When my wife moved into residential care I wrote that I probably would not make any new posts on here. This is mainly because my role as sole caregiver was no longer a valid claim. Since my episode in early January (refer to Bleeding Brains) I have to say how glad I am that she is in good hands at her care home.

After quite a bit of messing waiting for a  hospital outpatients appointment I was referred finally to a neurosurgeon. He required another brain scan, the result of which was that I needed surgery within 4 days to drain a sub dural haematoma which had developed. After 4 days in the hospital neurosurgical ward and 7 days in a rehabilitation hospital I came home. One of the most inconvenient outcomes of this diagnosis is that I am not allowed to drive until the doctor gives me the all clear.

Before the surgery I informed the care home of my situation. I also asked if I should tell my wife what was happening. Because I visit her 4-5 times each week I know that she looks for my arrival. The advice I received was not to say anything to her. The reason for that advice was that if she remembers being told what was going on she would worry about it and become upset.

My wife and I are blessed in that we have a lot of very caring friends. They drew up a roster for visiting my wife, all of whom knew that she didn’t know why I wasn’t visiting.

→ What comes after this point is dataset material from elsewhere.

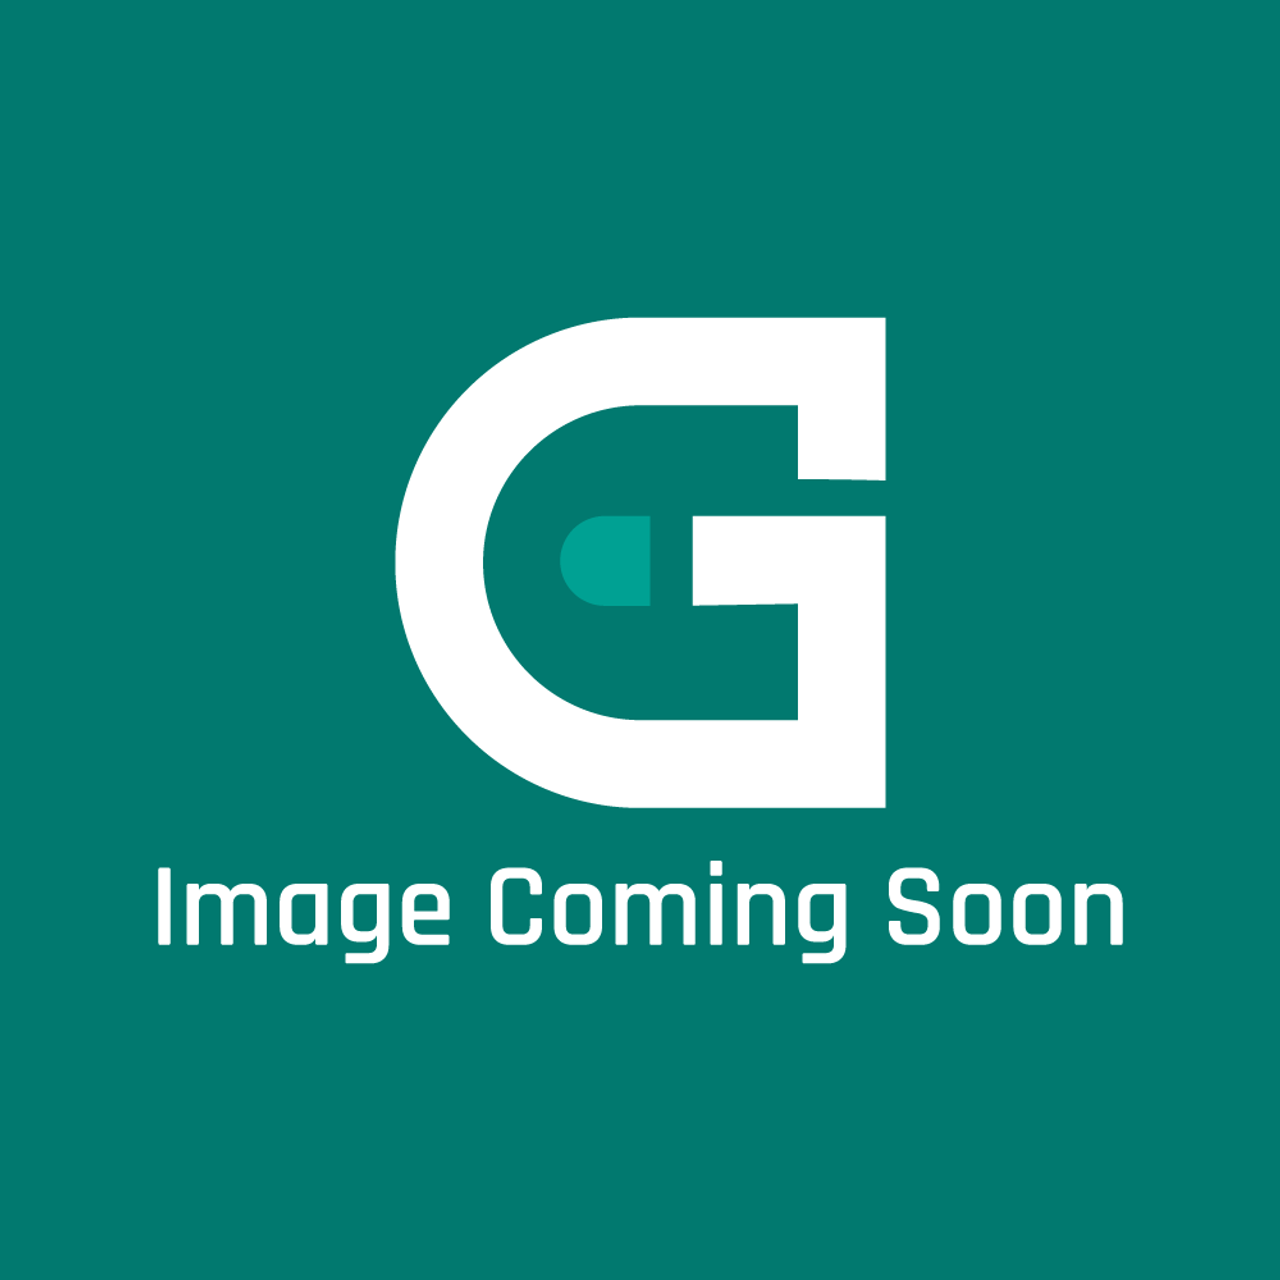 Frigidaire - Electrolux 5304436666 5Semirigid C10 Bul - Image Coming Soon!

When I returned home I started visiting again. The first time I visited I explained why I hadn’t been for nearly 2 weeks. At first she couldn’t understand what I was saying. Eventually the fact registered with  her and she became quite emotional. After reassuring her I was alright, even with the restrictions placed on my activities, she became calmer and with a bit of distraction with some chocolate, things got back to being a normal visit.

Now it is 6 weeks since I had surgery, and when I visit her it is only with the help of Ken, the husband of one of the other residents who lives nearby, who picks me up in his car. Each time I visit, when it comes time to leave, I have to explain that I have to go when Ken leaves, because I am not allowed to drive. Some times my wife asks why can’t I drive. Then I have to explain again about having had brain surgery.

One of the reasons I started this blog was to inform other caregivers what being a carer has required of me, and that by relating my experiences here, they might glean something that might be useful in their role. I had no idea of knowing in August last year, when my wife was admitted to the care home, that bleeding brains would take up so much of my time this year. If I had still been her carer in January she would have been relocated into emergency respite care. There is an emergency telephone number to make contact to arrange that care. It can be anywhere the first available bed is located. Similarly that arrangement would have been made while I was in hospital. In my experience people with dementia do not cope very well with change. Knowing my wife as I do after 46 years of marriage, I know that those changes would have been devastating for her well-being and self-esteem. I am so thankful that she is where she is, that she is well cared for and secure. As the care home nurse said to me before I was admitted to hospital, “you take care of yourself, and we will continue to take good care of your wife”.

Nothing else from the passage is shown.